**What the task requires**
Exact transcription, pictures omitted: reproduce the listing below.

**Dataset excerpt**
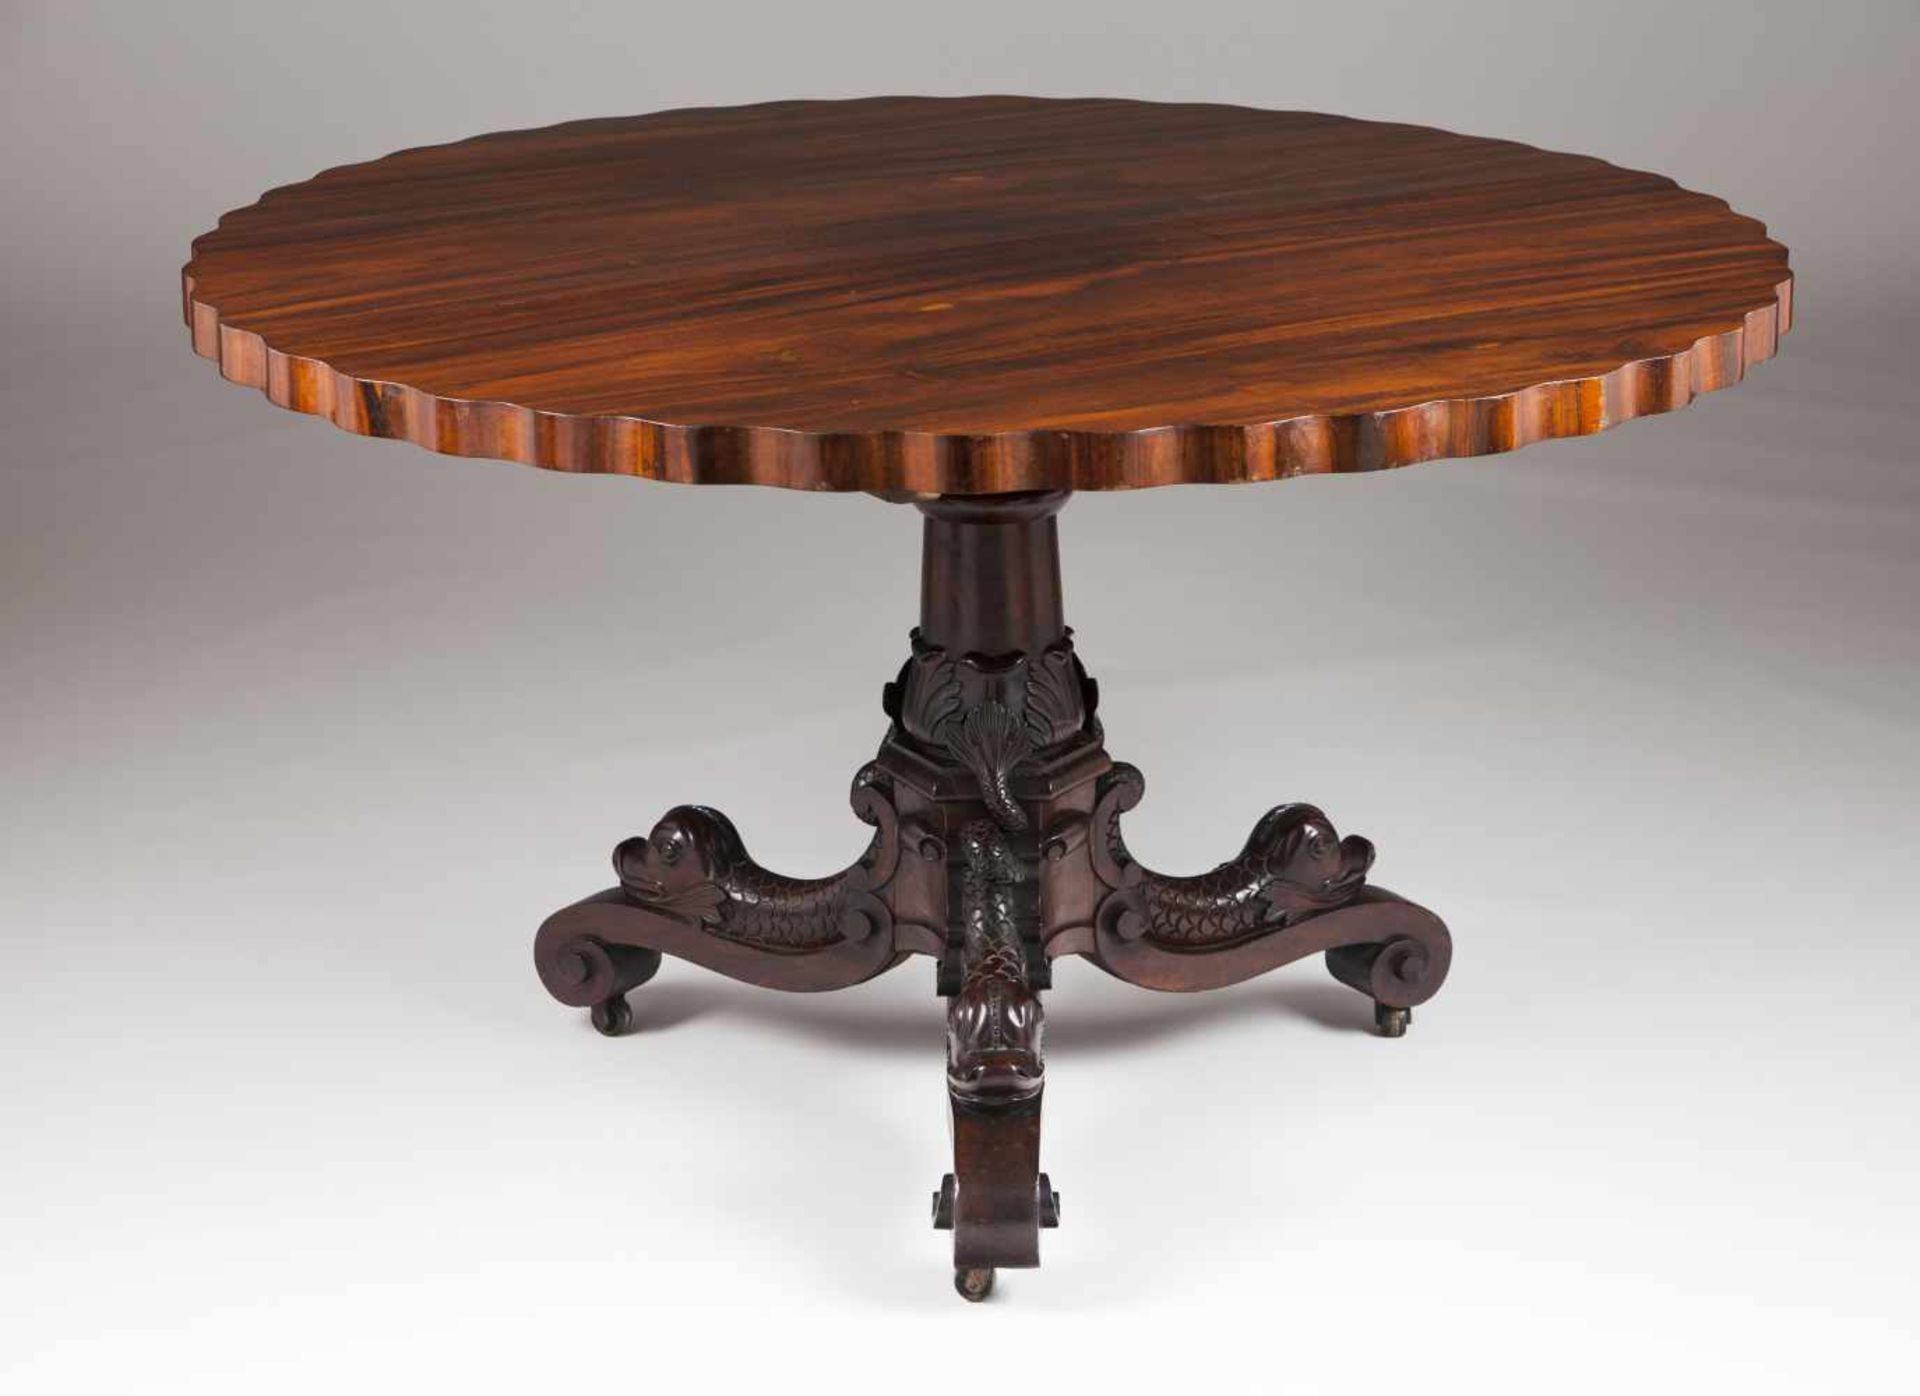 A breakfast tableRosewoodScalloped tilt-topCentral pedestal on three dolphin shaped fee
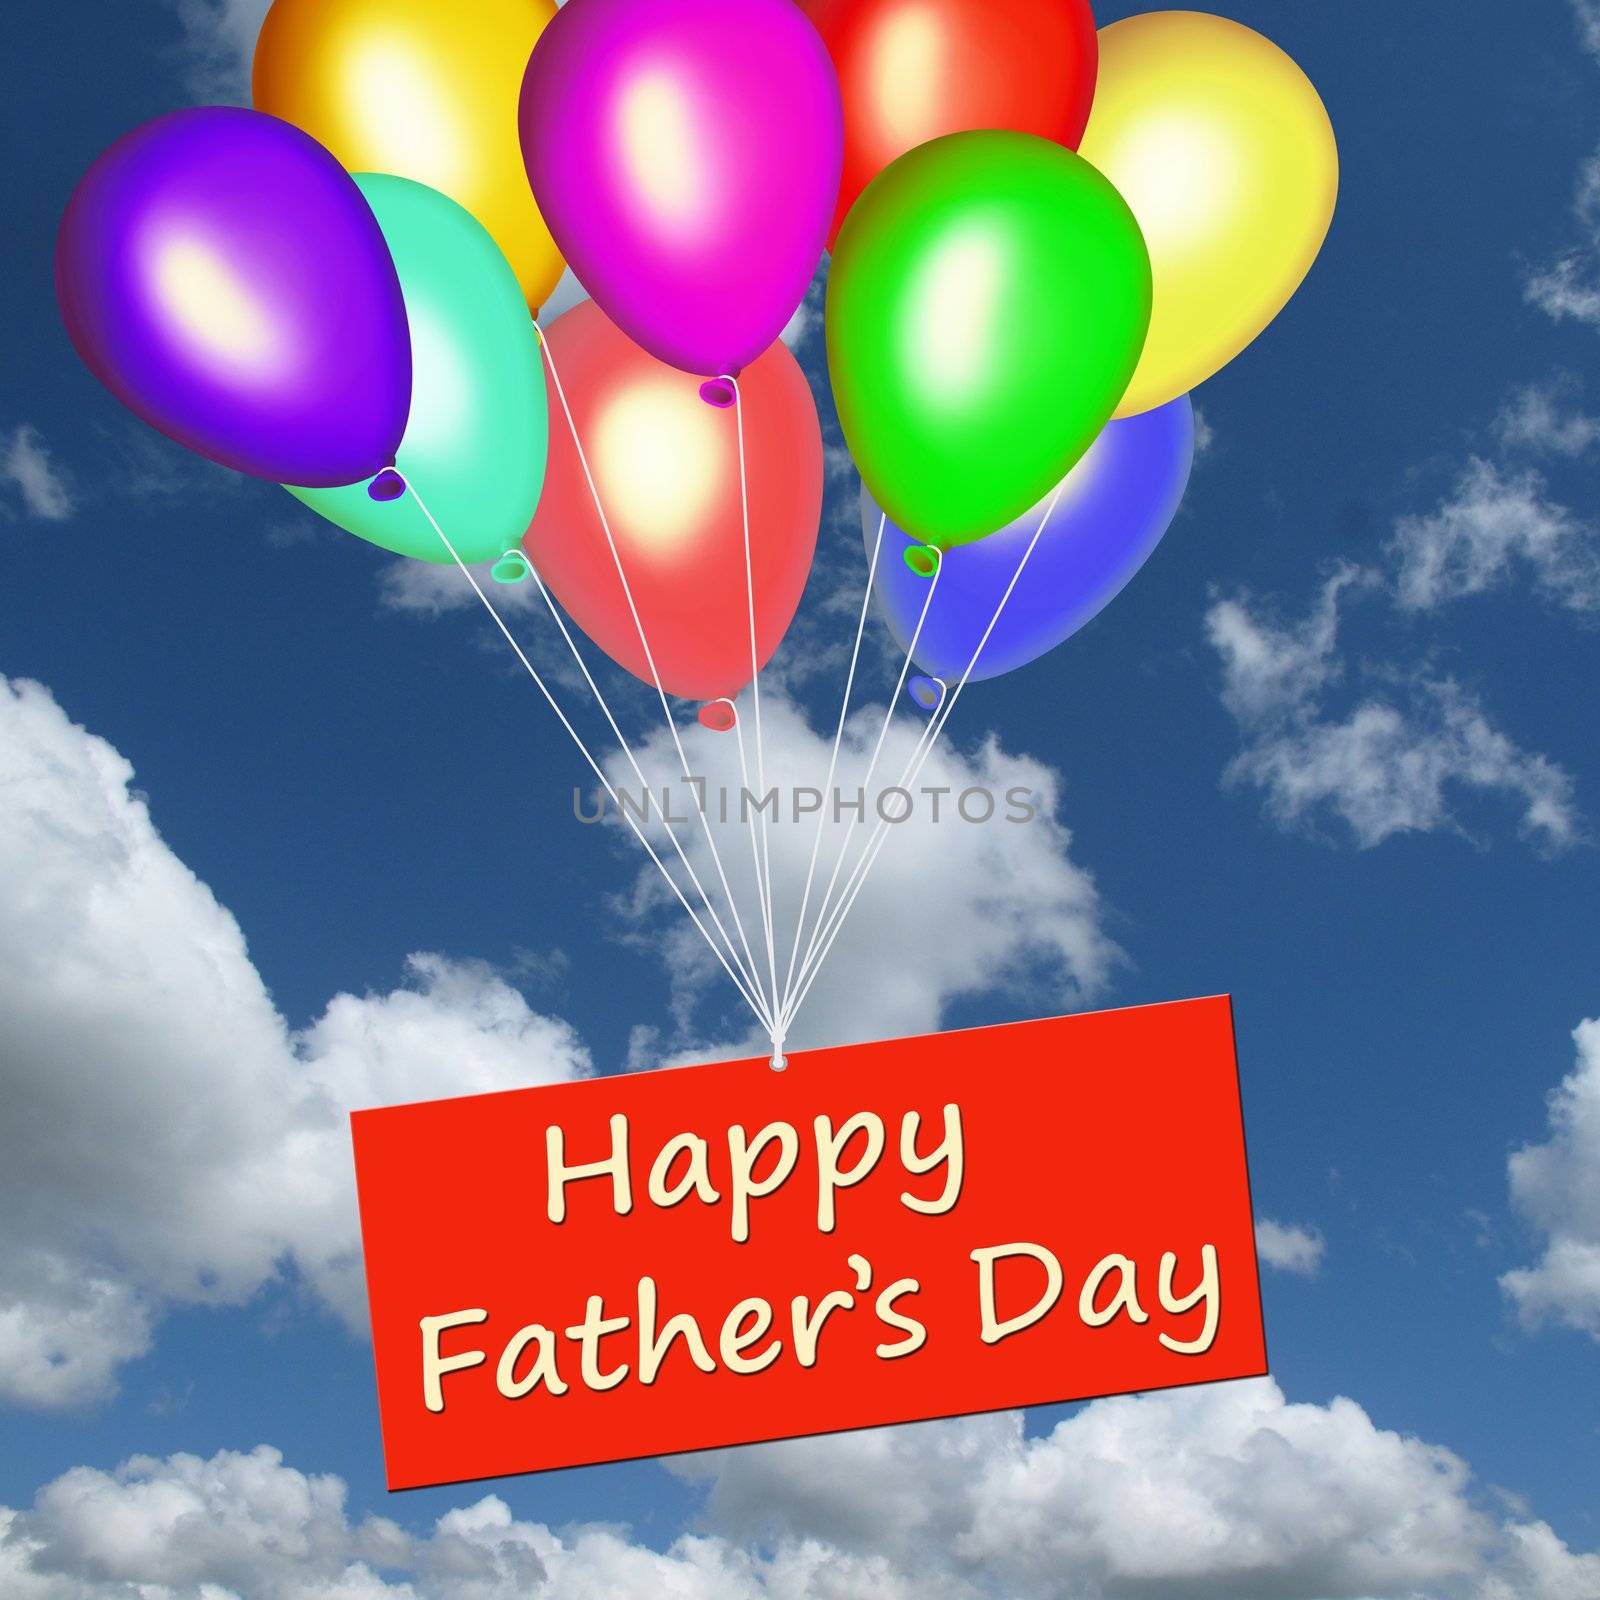 Happy Father's day with colorful baloons on a blue sky background
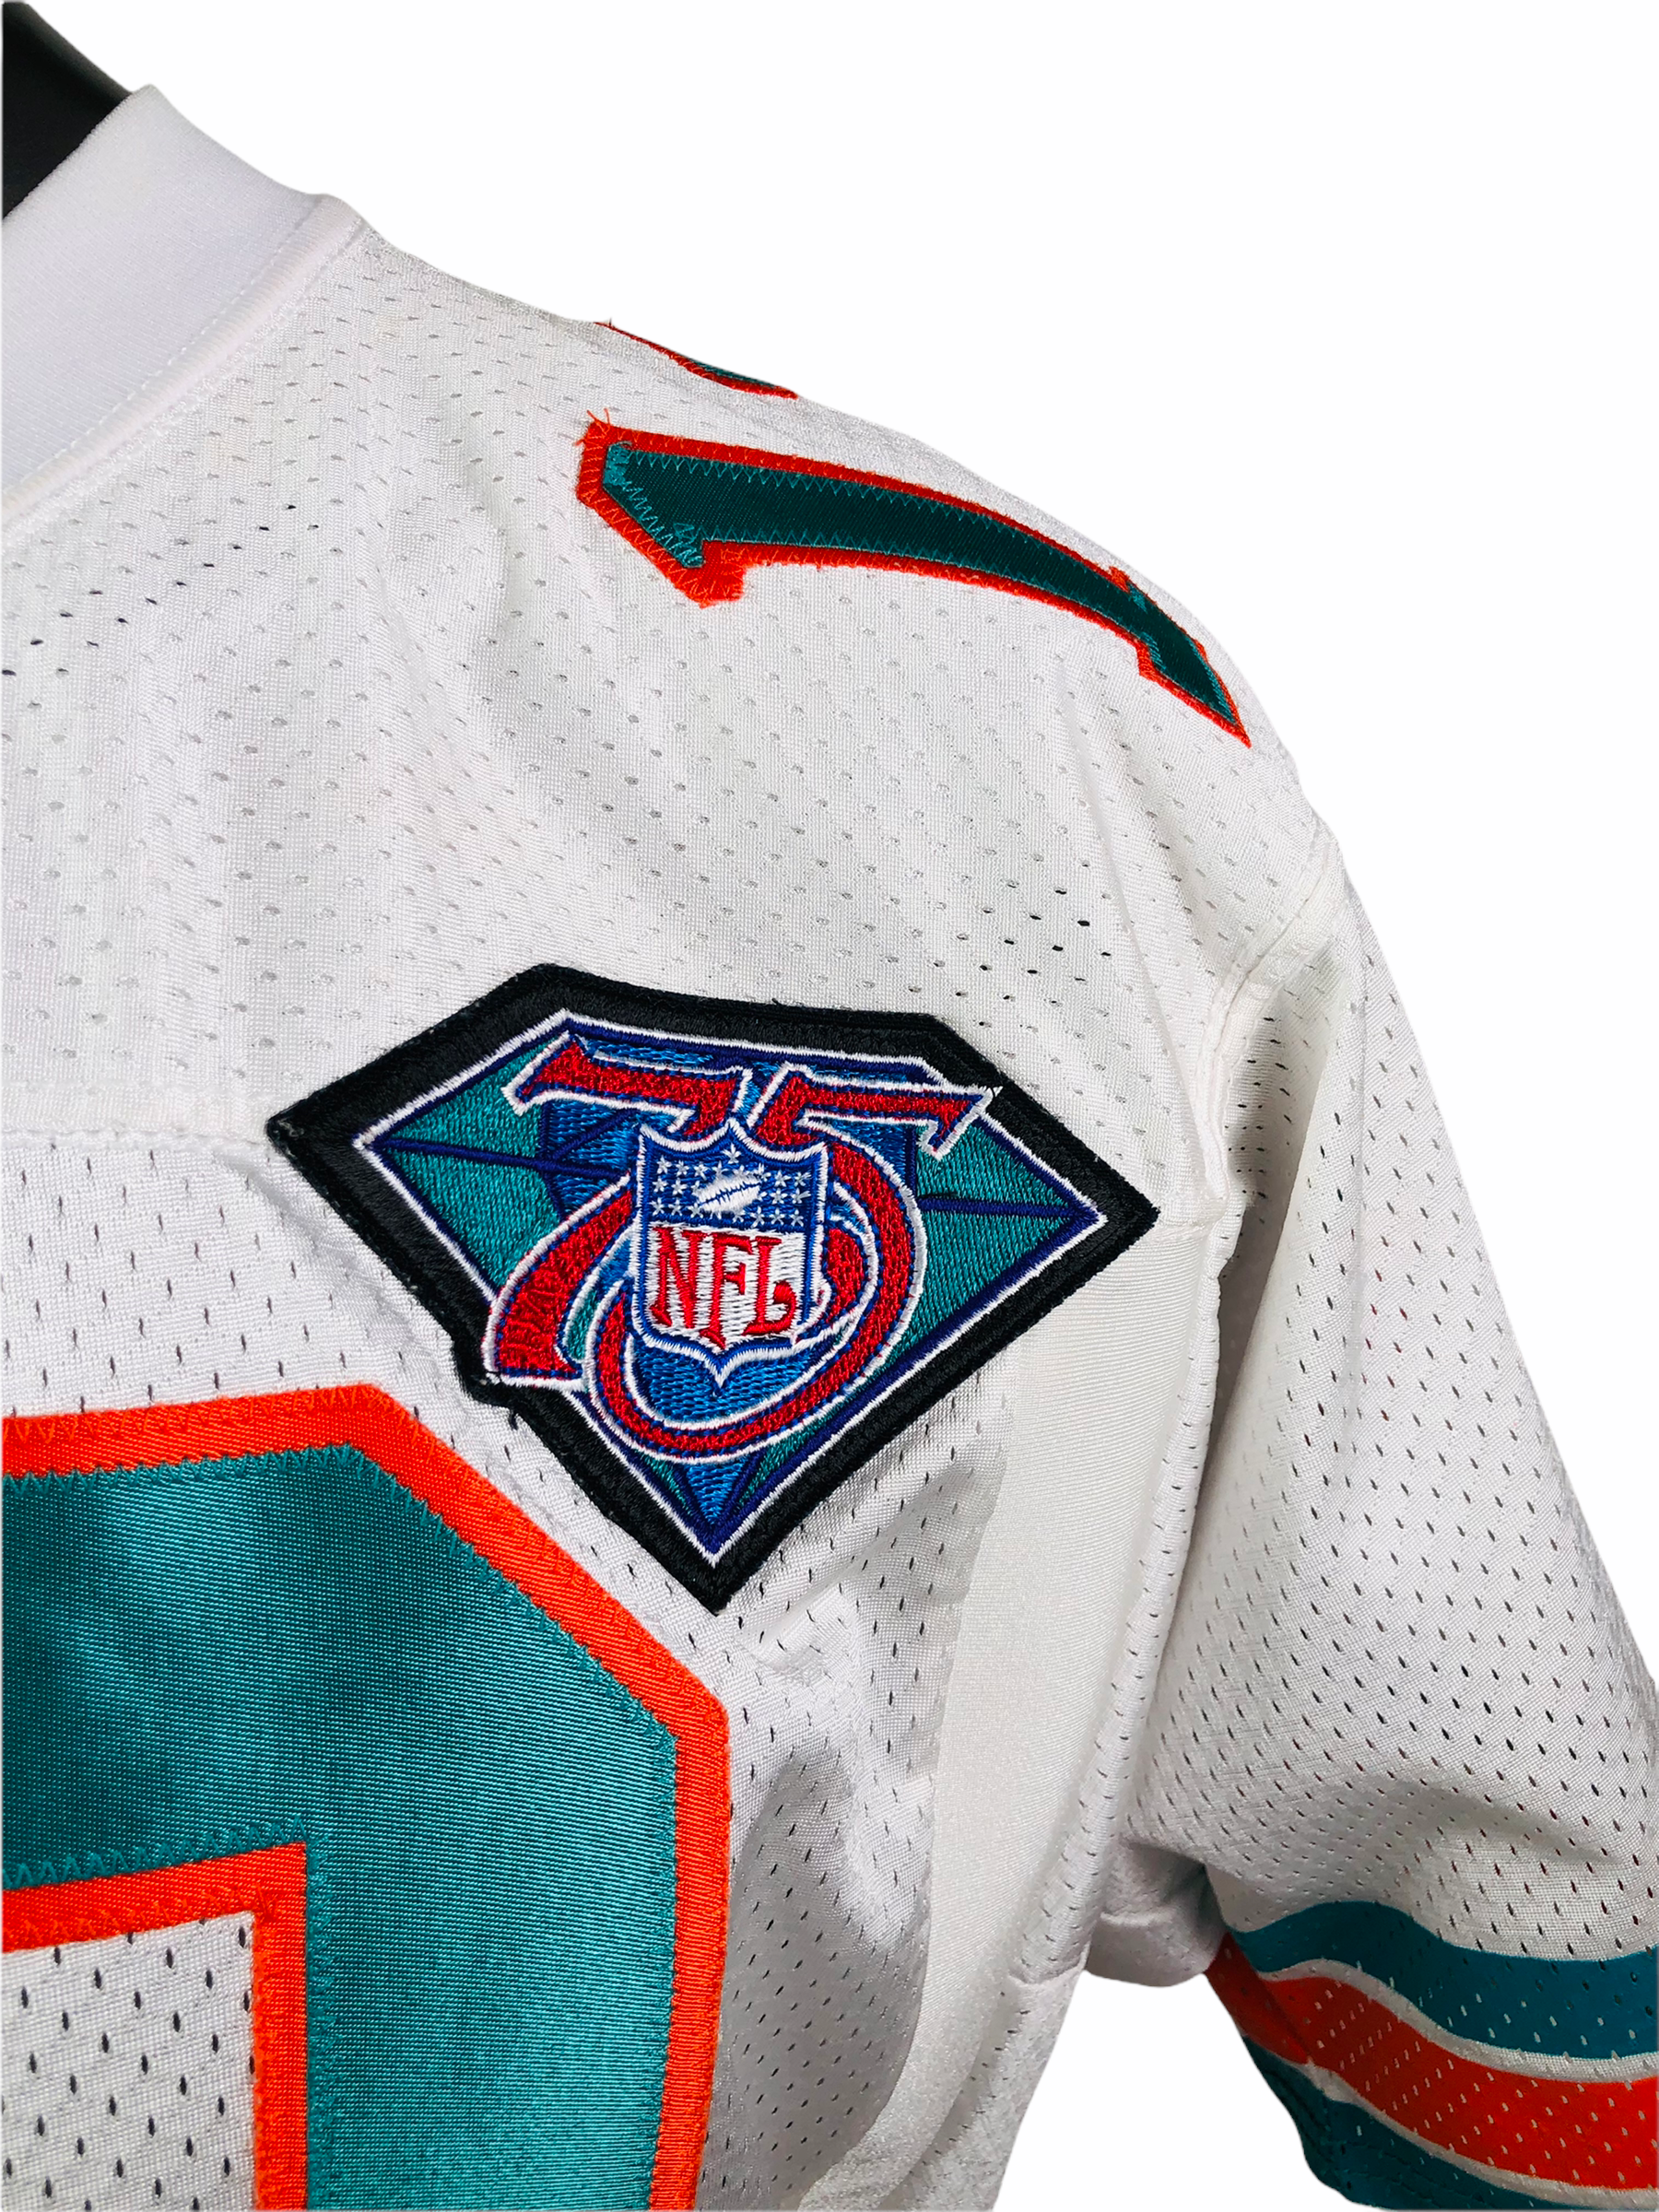 NFL Miami Dolphins 1994 Dan Marino Authentic Throwback Jersey

**Response to this exercise**
 A breakfast tableRosewoodScalloped tilt-topCentral pedestal on three dolphin shaped fee
 Happy Father's day with colorful baloons on a blue sky background
 NFL Miami Dolphins 1994 Dan Marino Authentic Throwback Jersey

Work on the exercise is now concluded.